+++ Given data
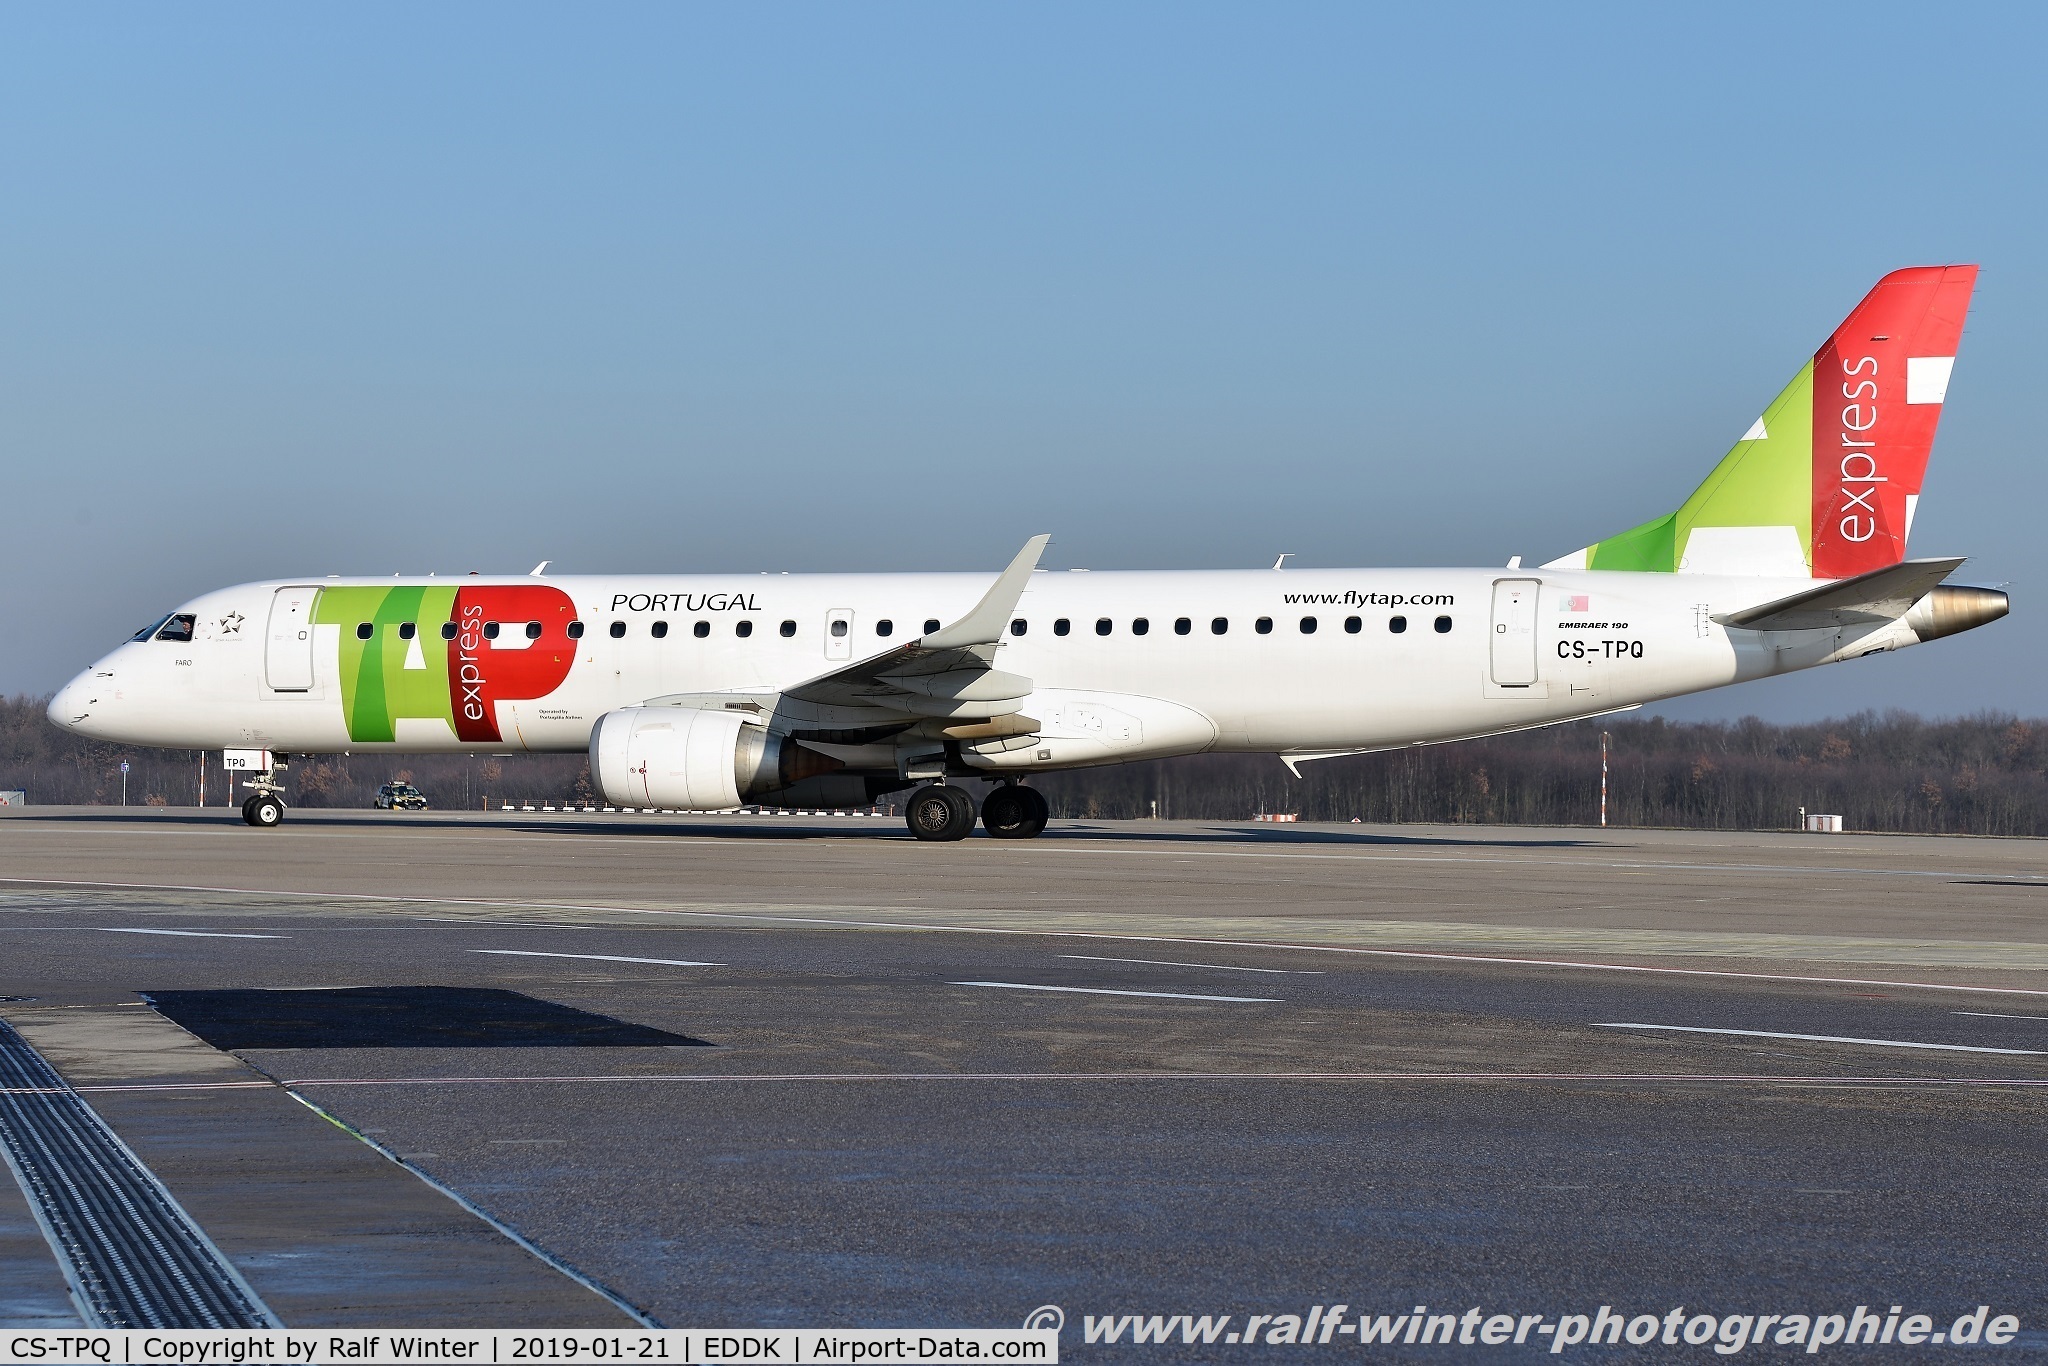 CS-TPQ, 2011 Embraer 190LR (ERJ-190-100LR) C/N 19000450, Embraer ERJ-190LR 190-100LR - NI PGA Portugalia opfor TAP Express - 19000450 - CS-TPQ - 21.01.2019 - CGN
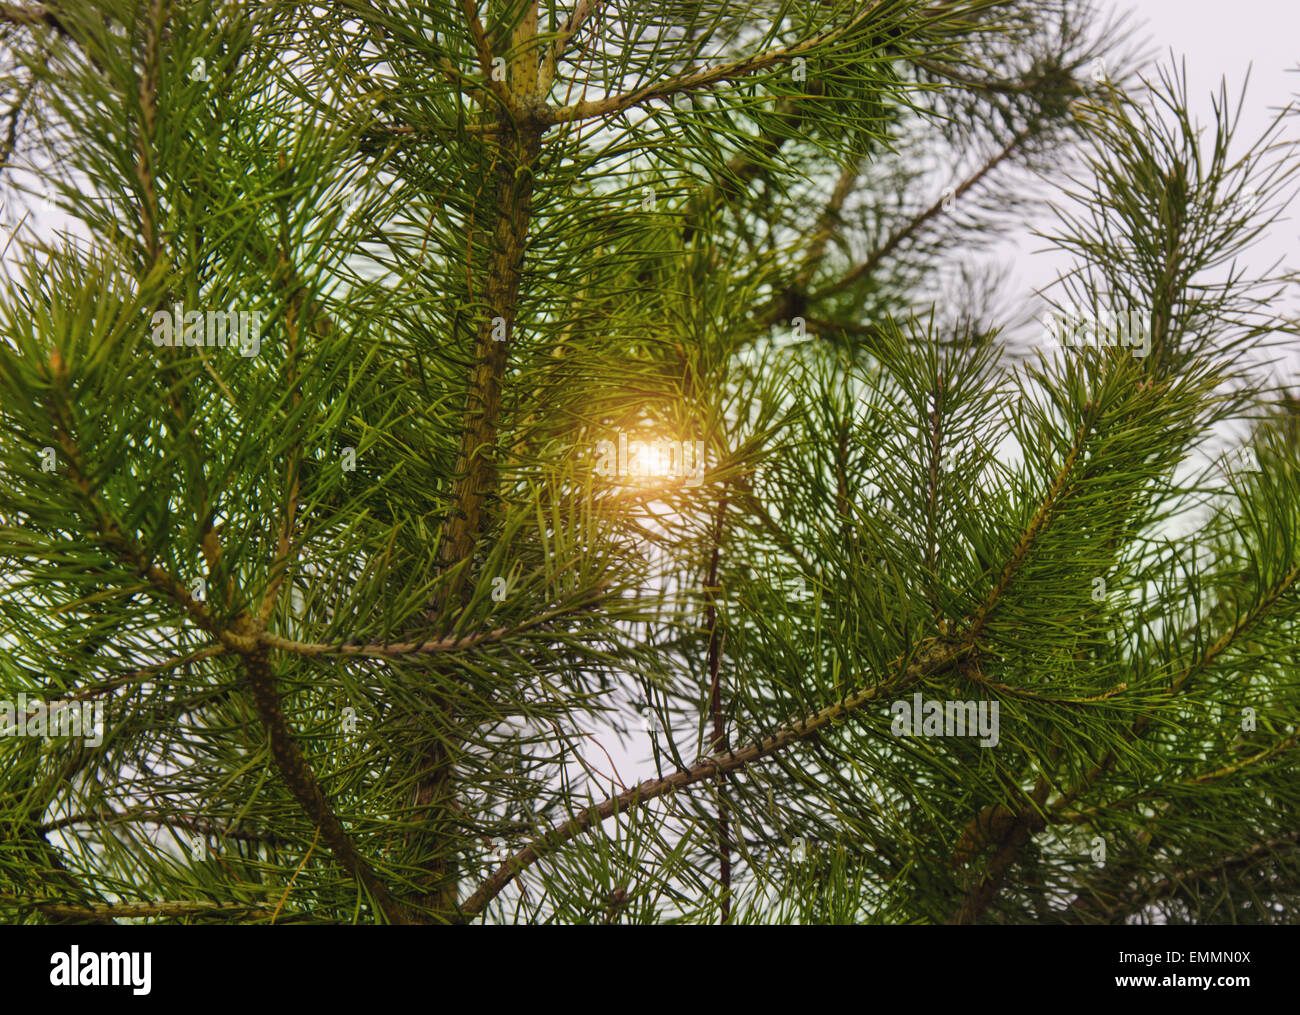 A green fir tree Stock Photo
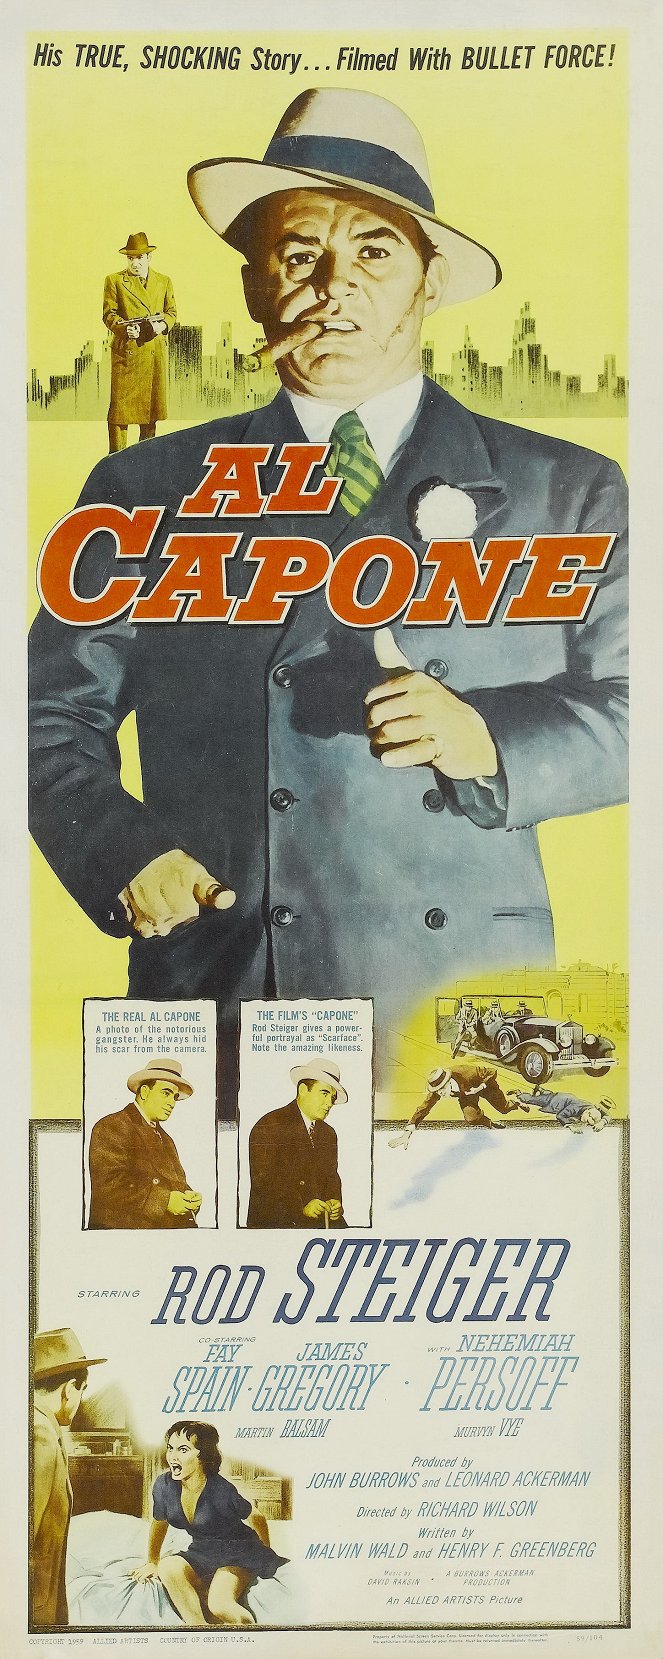 Al Capone - lain ja oikeuden voitto - Julisteet
++++++
What is expected → Send back the listing exactly as it stands. Do not include the pictures.

Solution to this task →
 CS-TPQ, 2011 Embraer 190LR (ERJ-190-100LR) C/N 19000450, Embraer ERJ-190LR 190-100LR - NI PGA Portugalia opfor TAP Express - 19000450 - CS-TPQ - 21.01.2019 - CGN
 A green fir tree Stock Photo
 Al Capone - lain ja oikeuden voitto - Julisteet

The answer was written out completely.